Evaluation of proteinuria in children
- Olivia Gillion Boyer, MD, PhD
Olivia Gillion Boyer, MD, PhD
- Associate Professor of Pediatrics
- Pediatric Nephrology, Imagine Institute, Paris-Descartes University, Hôpital Necker - Enfants Malades, Paris, France
- Section Editors
- Patrick Niaudet, MD
Patrick Niaudet, MD
- Section Editor — Pediatric Nephrology
- Professor of Pediatrics
- Hôpital Necker-Enfants Malades, Paris, France
- Jan E Drutz, MD
Jan E Drutz, MD
- Section Editor — General Pediatrics
- Professor of Pediatrics
- Baylor College of Medicine
Proteinuria as a marker of renal disease has been well established. The dilemma that faces the primary care clinician is to differentiate the child with transient or other benign forms of proteinuria from the child with proteinuria from renal disease.

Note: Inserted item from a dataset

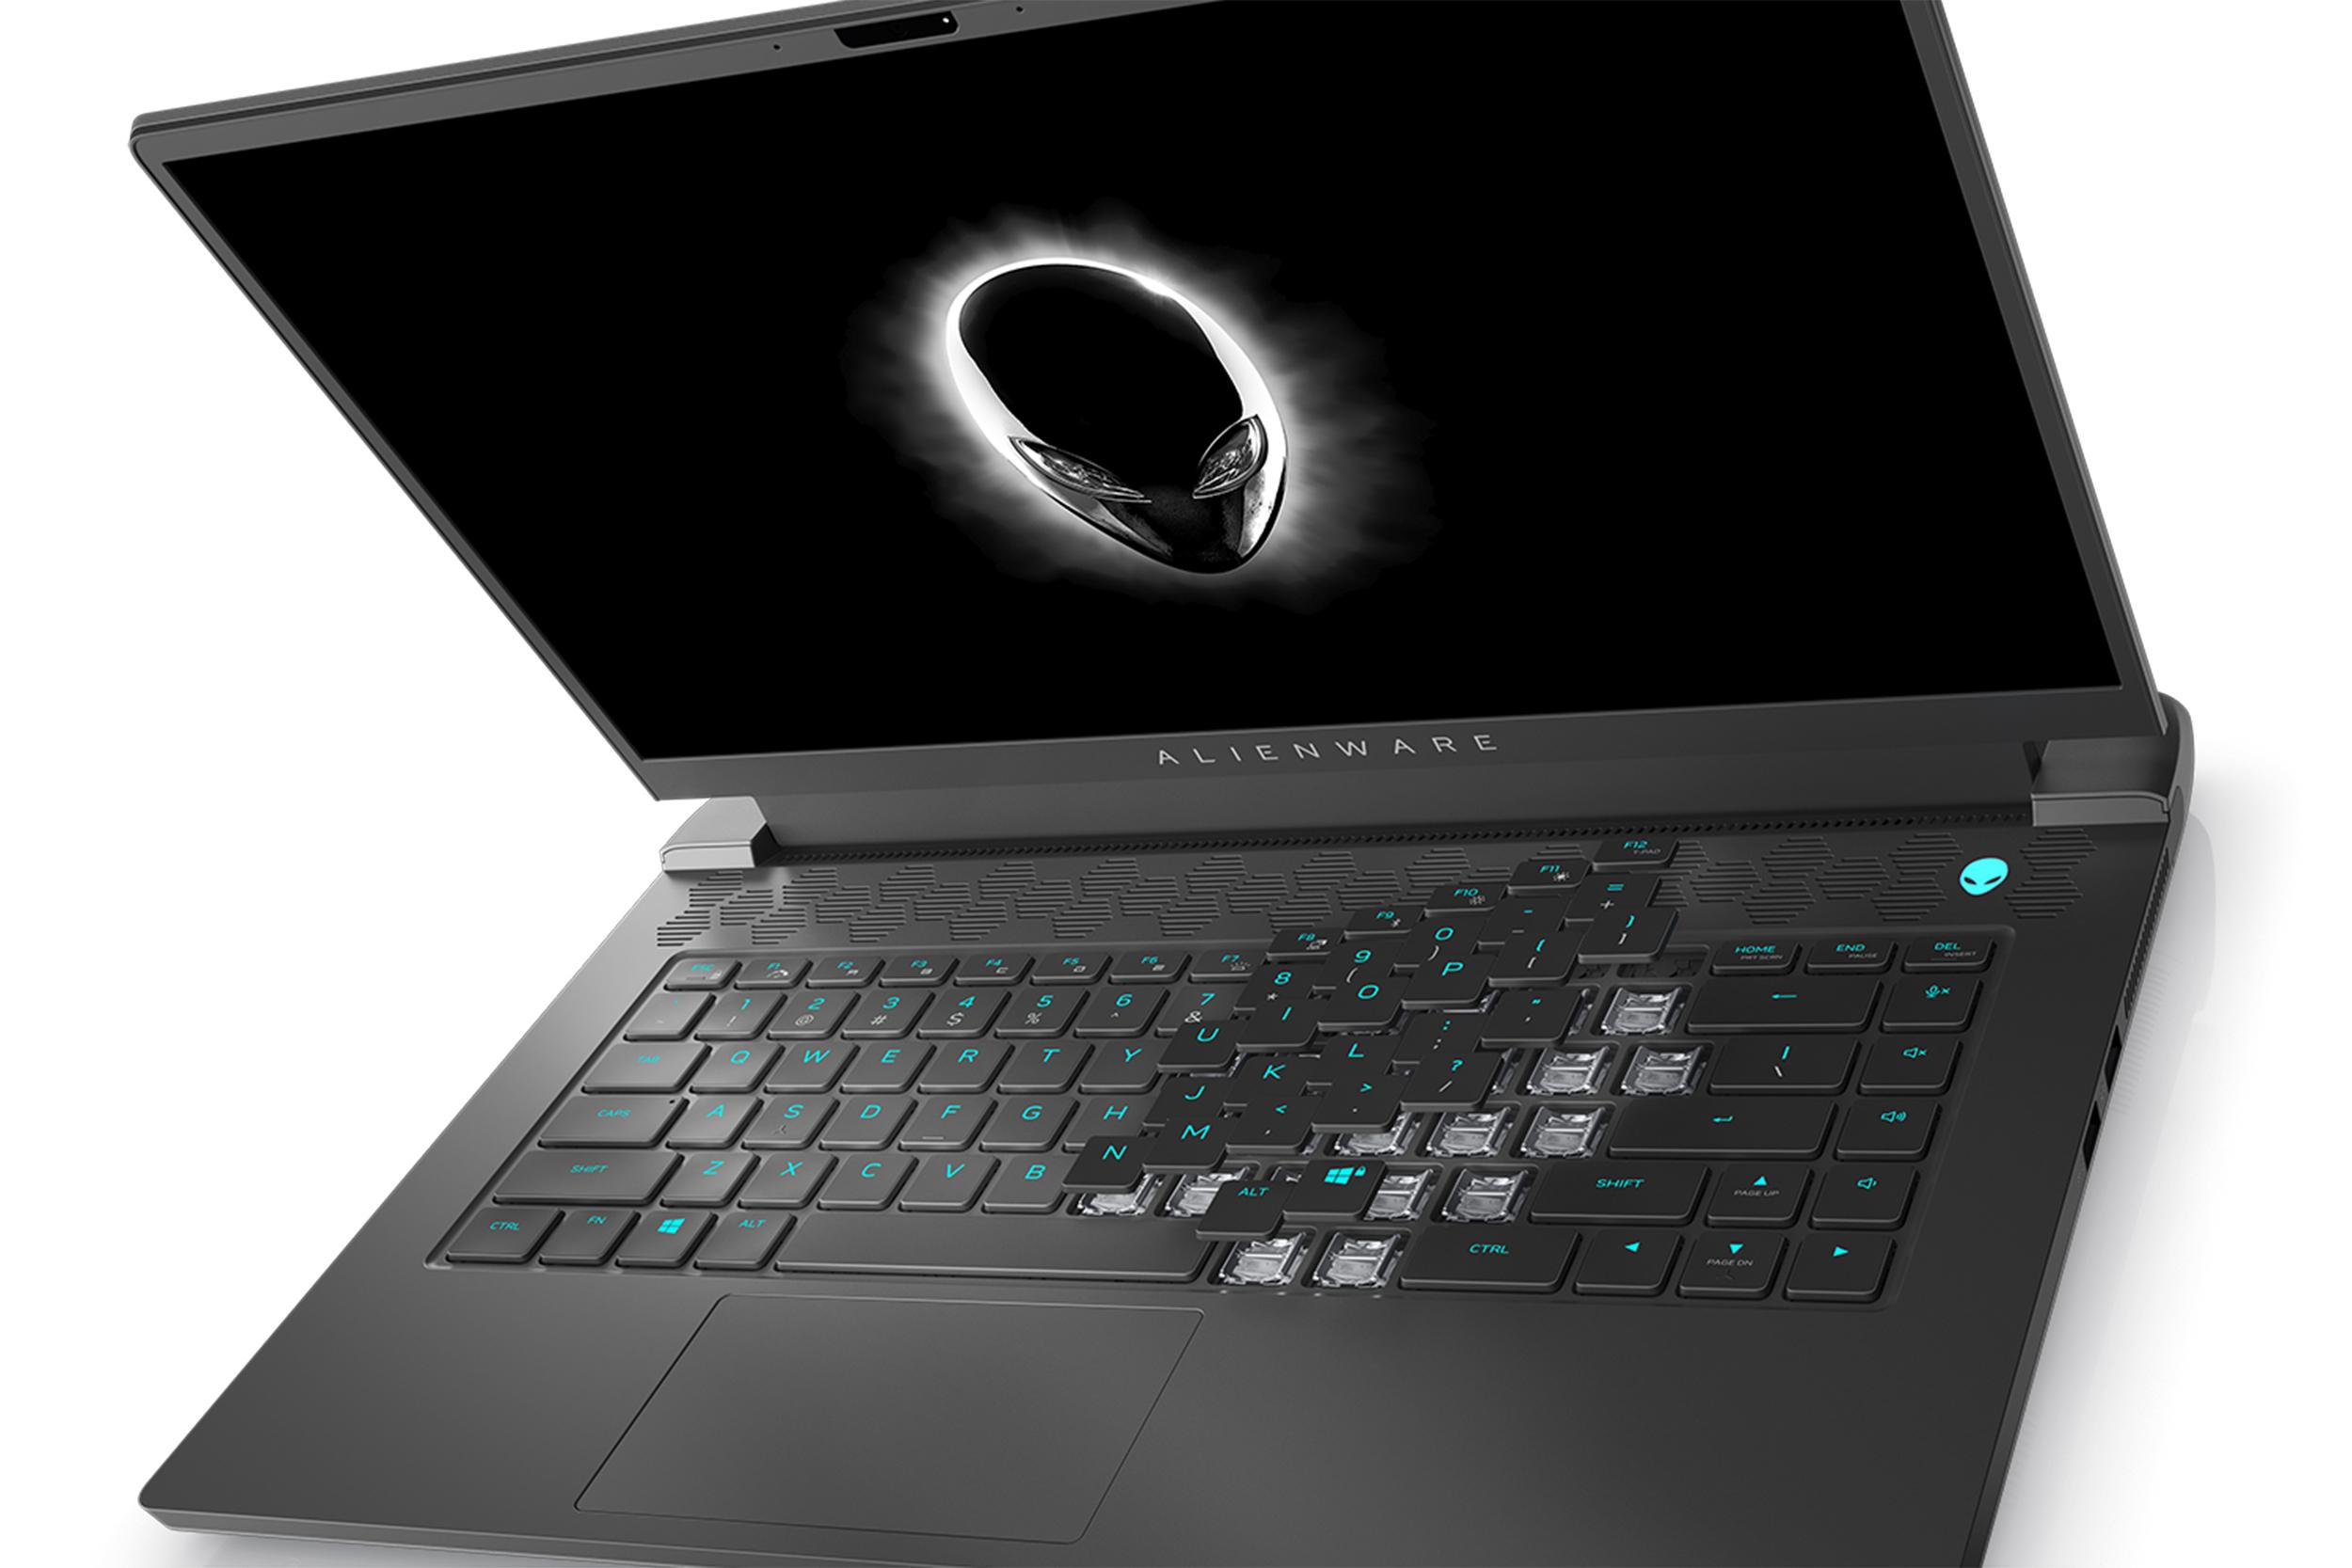 Alienware представила первый за 14 лет ноутбук на базе процессора AMD

An overview of the evaluation of proteinuria in children will be presented here. Some related issues, including the mechanisms of proteinuria, are discussed in more detail elsewhere. (See "Assessment of urinary protein excretion and evaluation of isolated non-nephrotic proteinuria in adults".)
PATHOPHYSIOLOGY AND CLASSIFICATION
Normal protein excretion — Urinary protein excretion in the normal child is less than 100 mg/m2 per day or a total of 150 mg per day. In neonates, normal urinary protein excretion is higher, up to 300 mg/m2, because of reduced reabsorption of filtered proteins.
Approximately one-half of normal protein excretion consists of proteins secreted by tubular epithelium, mostly Tamm-Horsfall protein (uromodulin). The other half consists of plasma proteins including albumin, which accounts for approximately 40 percent of the total urinary protein, and low molecular weight (LMW) proteins, such as beta-2 microglobulin and amino acids.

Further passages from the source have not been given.